I did first look at whether it was possible craft raw packets, but this seemed to involve third party libraries and a whole lot of unnecessary complexity.

I finally came to discover System.Net.Sockets.Udpclient and that fit the bill perfectly - it is asynchronous and incredibly quick to implement. Remember, we don’t care about the UDP packets at all, what we’re after is the underlying functionality that generates ARP requests for unknown host MAC addresses. The UDP packets on top of that are of no consequence.

Why System.Threading instead of Start-Sleep

We can expect a bit of overhead when using PowerShell cmdlets vs .NET methods, but what I witnessed with Start-Sleep blew me away.

How long would you expect the following code to take?

1..100 | % {Start-Sleep -Milliseconds 1}

A bit over 100 ms, right? Let’s take a look.

PS C:\> Measure-Command {1..100 | % {Start-Sleep -Milliseconds 1}} | Select -ExpandProperty TotalMilliseconds
1558.6298

One and a half seconds!
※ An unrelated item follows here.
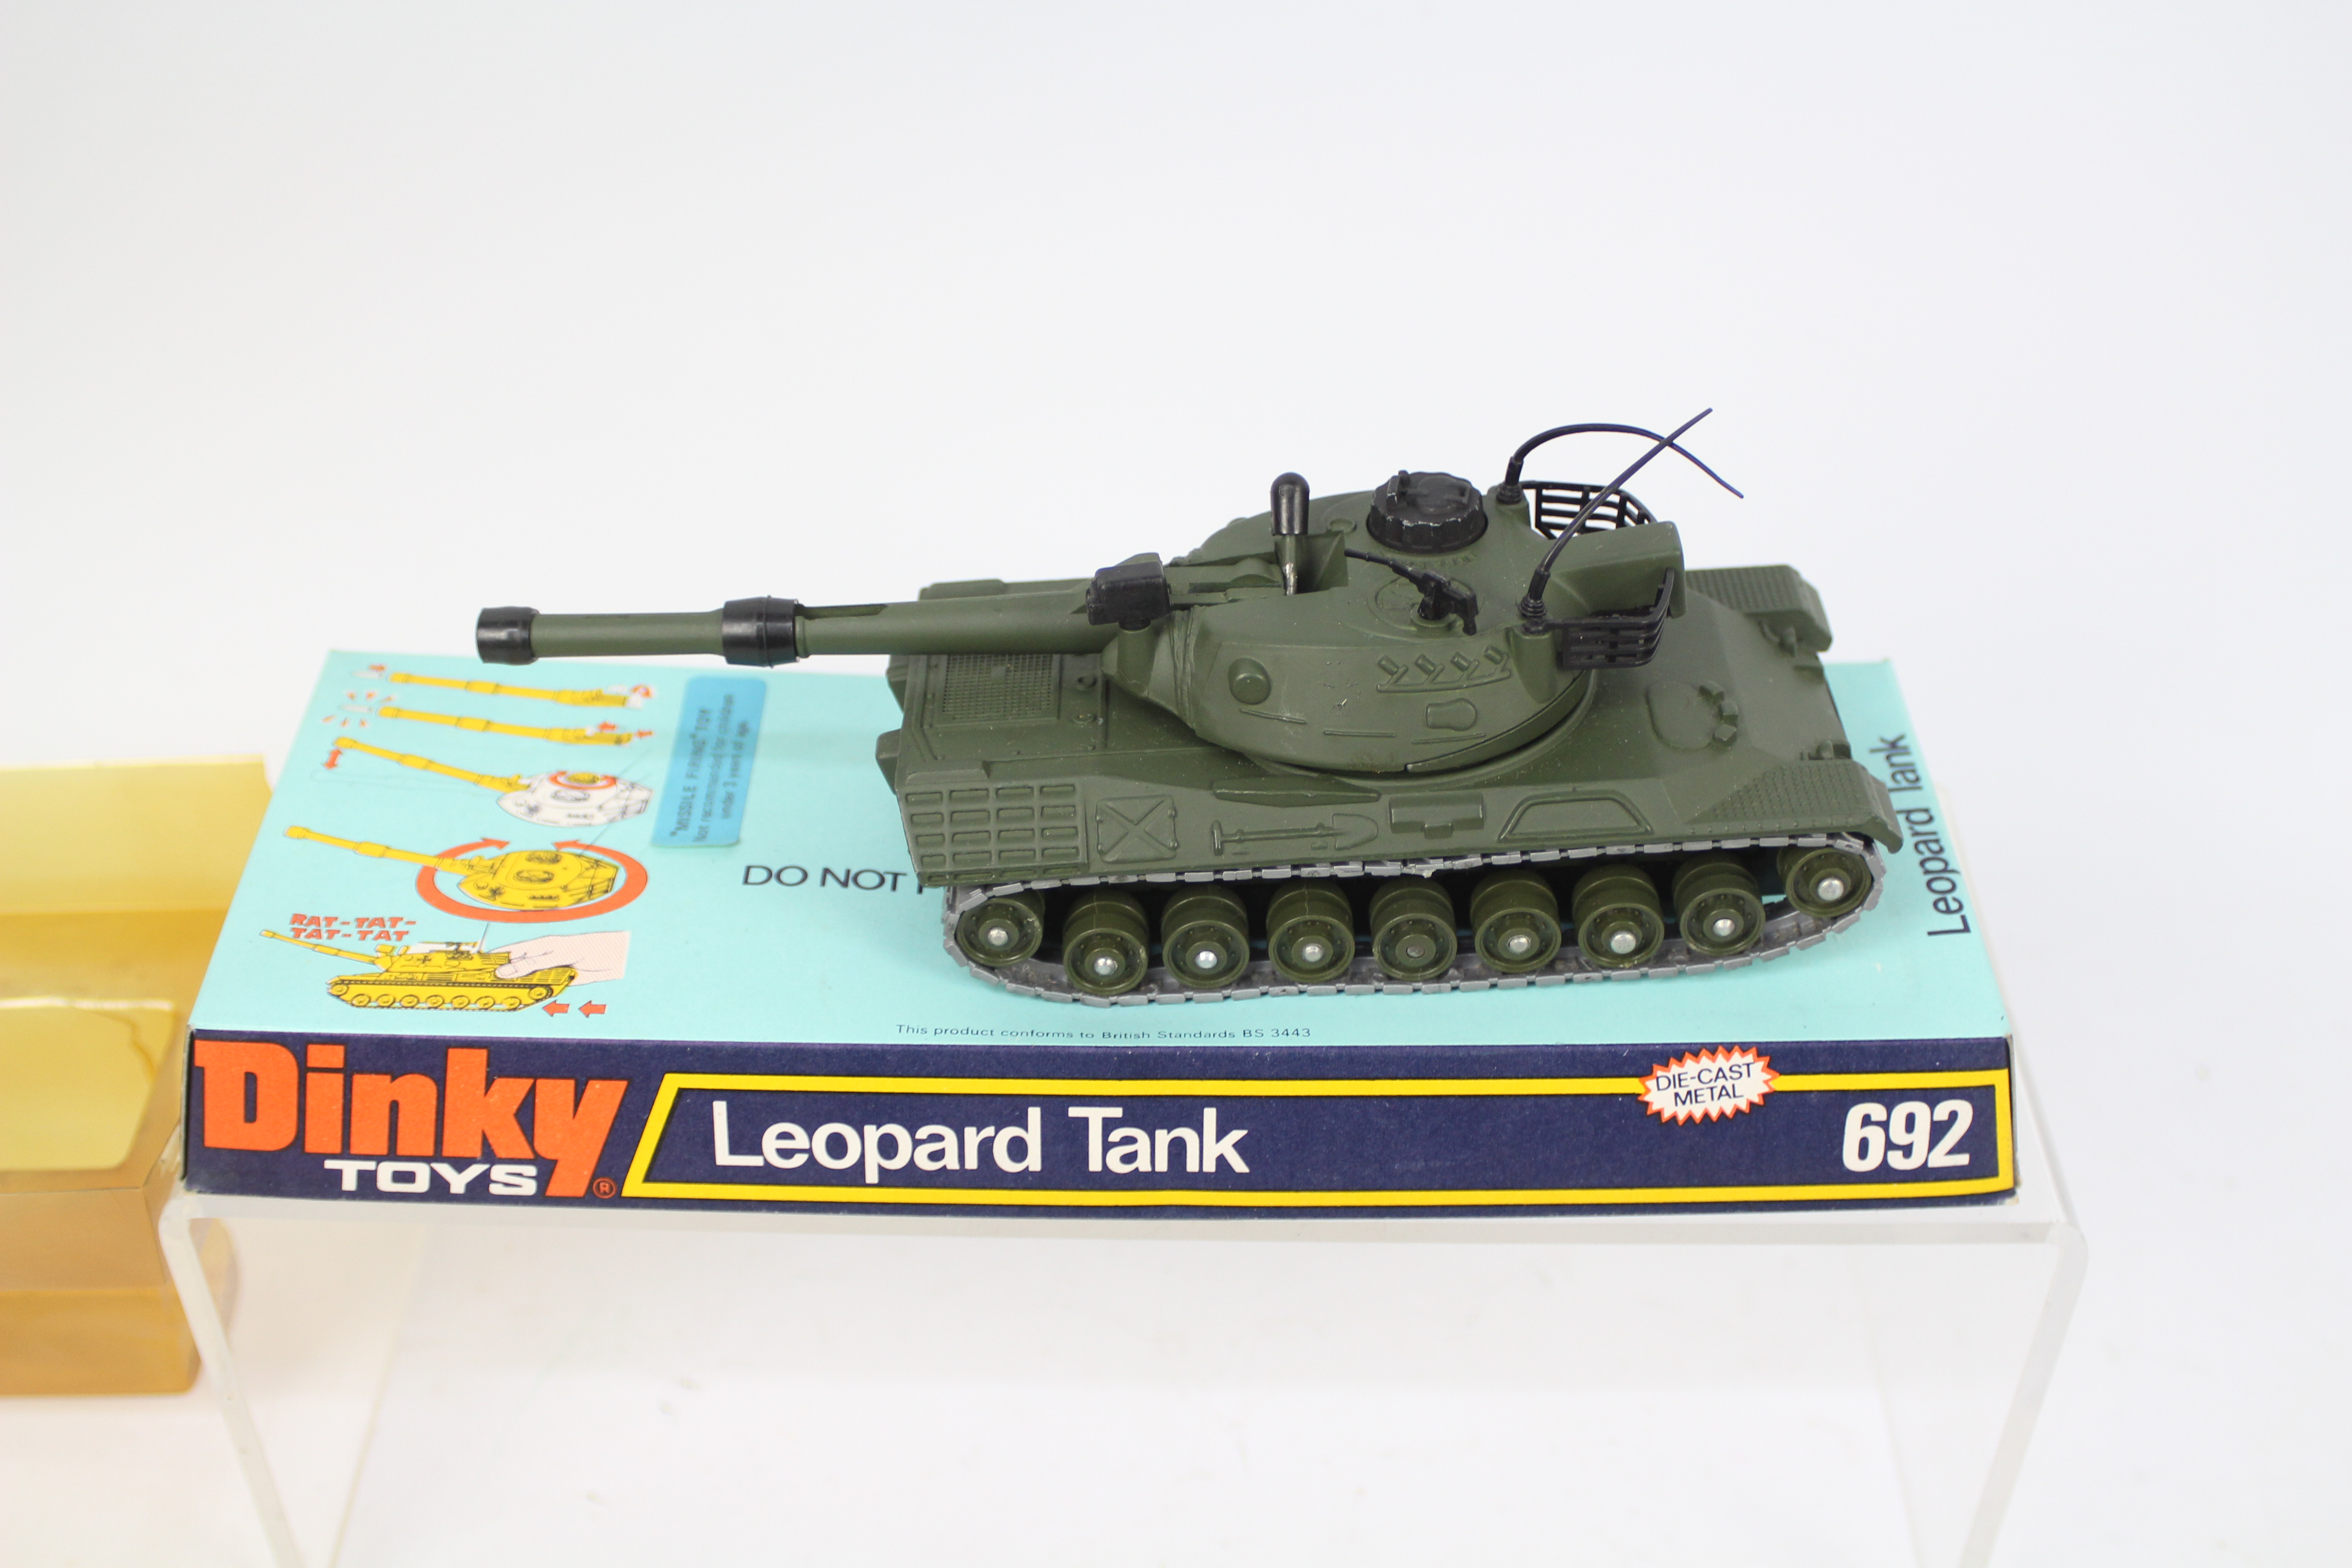 Dinky Toys - A Boxed Military Hovercraft #281appearing in Mint condition. - Image 5 of 5

Let’s try exactly the same thing with System.Threading

Measure-Command {1..100 | % {[System.Threading.Thread]::Sleep(1)}} | Select -ExpandProperty TotalMilliseconds
202.3078

There appears to be around 14ms of overhead for every Start-Sleep call.

PS C:\> 1..100 | % { (Measure-Command {Start-Sleep -Milliseconds 1} | Select -ExpandProperty TotalMilliseconds) - 1} | Measure-Object -Average

Count    : 100
Average  : 14.209163

What we’re doing here is measuring how long every Start-Sleep -Milliseconds 1 takes, subtracting 1 from the result (to account for our sleep), and averaging all output values. This isn’t by any means scientific, and the results may vary somewhat between computers, but System.Threading provides much better performance.
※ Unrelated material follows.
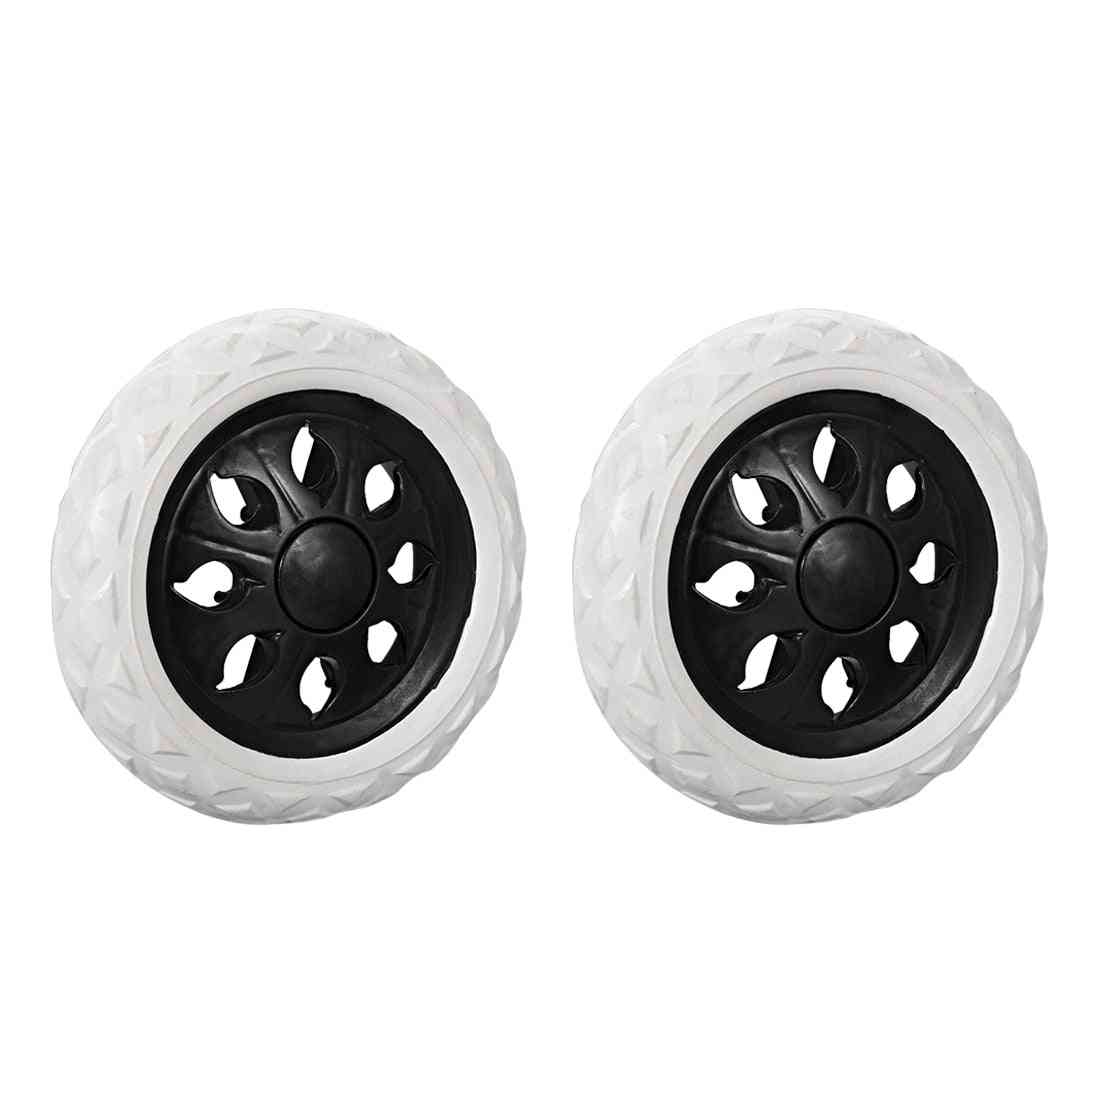 2pcs Shopping Trolley Caster Replacement Wheels

PS C:\> 1..100 | % {(Measure-Command {[System.Threading.Thread]::Sleep(1)} | Select -ExpandProperty TotalMilliseconds) - 1} | Measure-Object -Average

Count    : 100
Average  : 0.751701

Why arp -a instead of Get-NetNeighbor

PowerShell has a great cmdlet which outputs the ARP cache as an object, Get-NetNeighbor, and also provides a lot more detail on each cache entry, but arp -a proved to be faster, even with string manipulation and the parsing through ConvertFrom-CSV.

That’s all for now, hope you enjoyed the read if you got this far!